On holiday in Germany recently, we watched a TV documentary about how schools were coping with Essen’s growing Muslim community, and how the community itself felt. When it was over, we turned to each other, and said simultaneously (a drawback of having been married for a while), «This could not have been made in Britain.» At the moment, also in Germany, the whole country is debating Thilo Sarrazin’s controversial book Deutschland schafft sich ab («Germany abolishes itself»), in which the author — a former member of the board of the Bundesbank and the German Social Democrats — examines research about immigrant communities and then makes specific recommendations about the integration of the Muslim community. I have only seen scant reference to this in the British press, which usually dismisses it, wrongly and lazily in my view, as good old German racism. This has nothing whatsoever to do with race. The Muslim community in Birmingham, for instance, is made up of people from many continents and races, including Afghans, Yemenis, Pakistanis, Indians and Somalis.

Selv er hun ikke i tvil om at det åpent må diskuteres hva som skjer i en rekke byer i Storbritannia.

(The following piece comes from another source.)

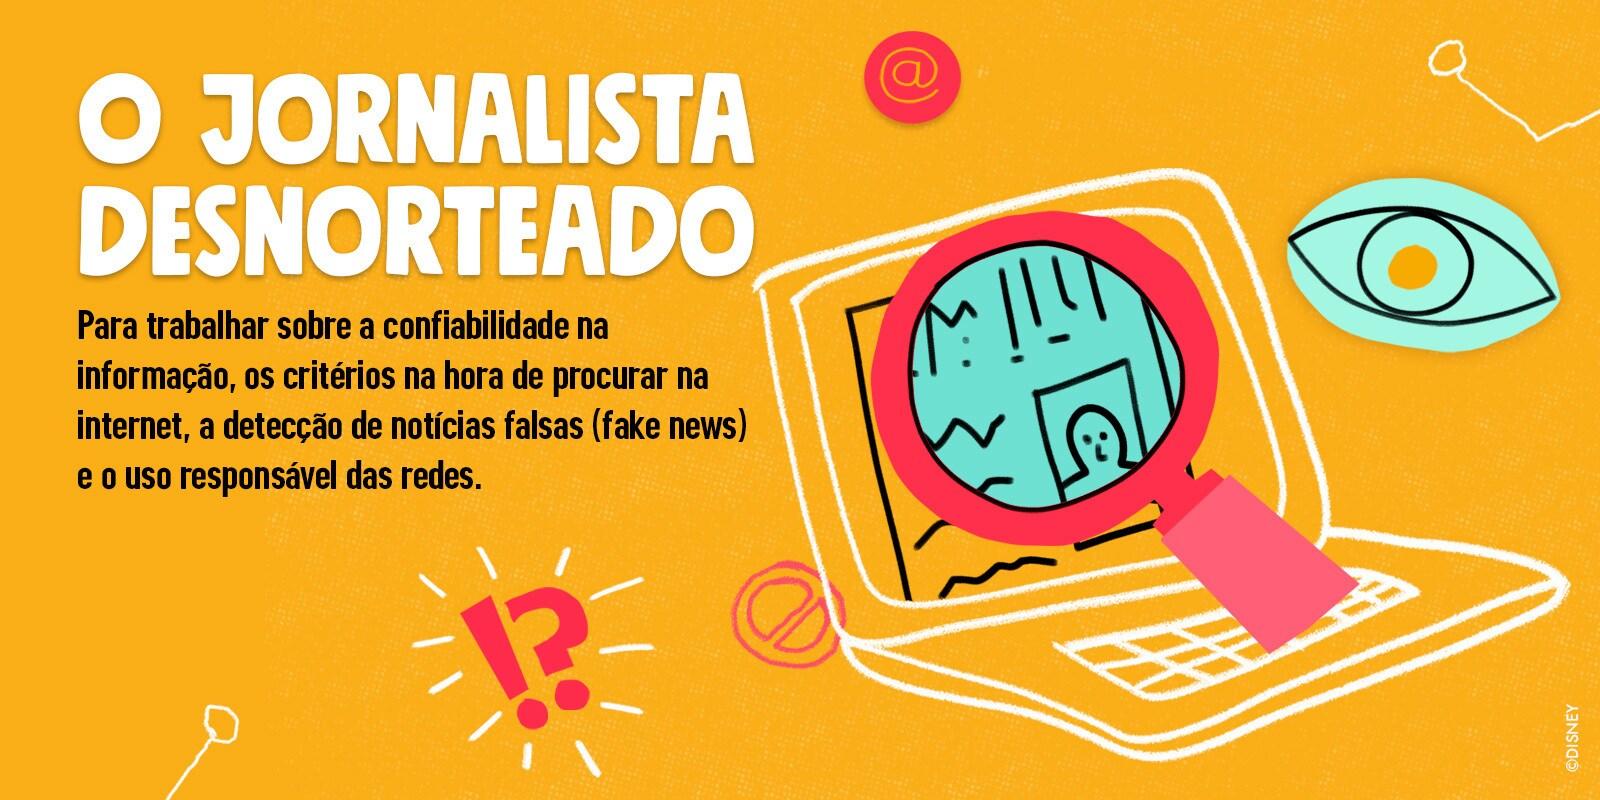 Acceso_PDF_TinkerLab_PeriodistaDespistado

Dersom dagens demografiske utvikling fortsetter de neste tiårene vil en rekke områder bli dominert av et flertall muslimer, der problemet er at det er de muslimske verdiene som rår og ikke et felles sett av verdier, hvilket ikke betyr at alt det ikke-muslimer gjør er å anse som det verdimessig ”riktige” og visa verse. Men vi må tørre å ta debatten uten angst for rasismeanklager.

There is no doubt in my mind that we need to have the same openness in discussing what is happening to many cities in Britain. If current demographic trends continue over the next few decades, the West Midlands, as well as other parts of the country, will become a predominantly Muslim area. Much more needs to be done to integrate the communities among whom I lived, and we need to be much less negligent of our own values too. Frankly, if we happened to walk down Broad Street on a Friday night, where mobs of identically undressed and mostly aesthetically unpleasing gals and lads were on the piss and pull, it was almost a relief to drive back to our ghetto enclave.

It is time to rub the rime from our eyes and to look clearly at the shape of Britain today. Everyone living here needs to be able to talk about what they see, without the lazy or fearful, but certainly paralysing, accusation of racism. Only then will we be able to discern what is best for the future.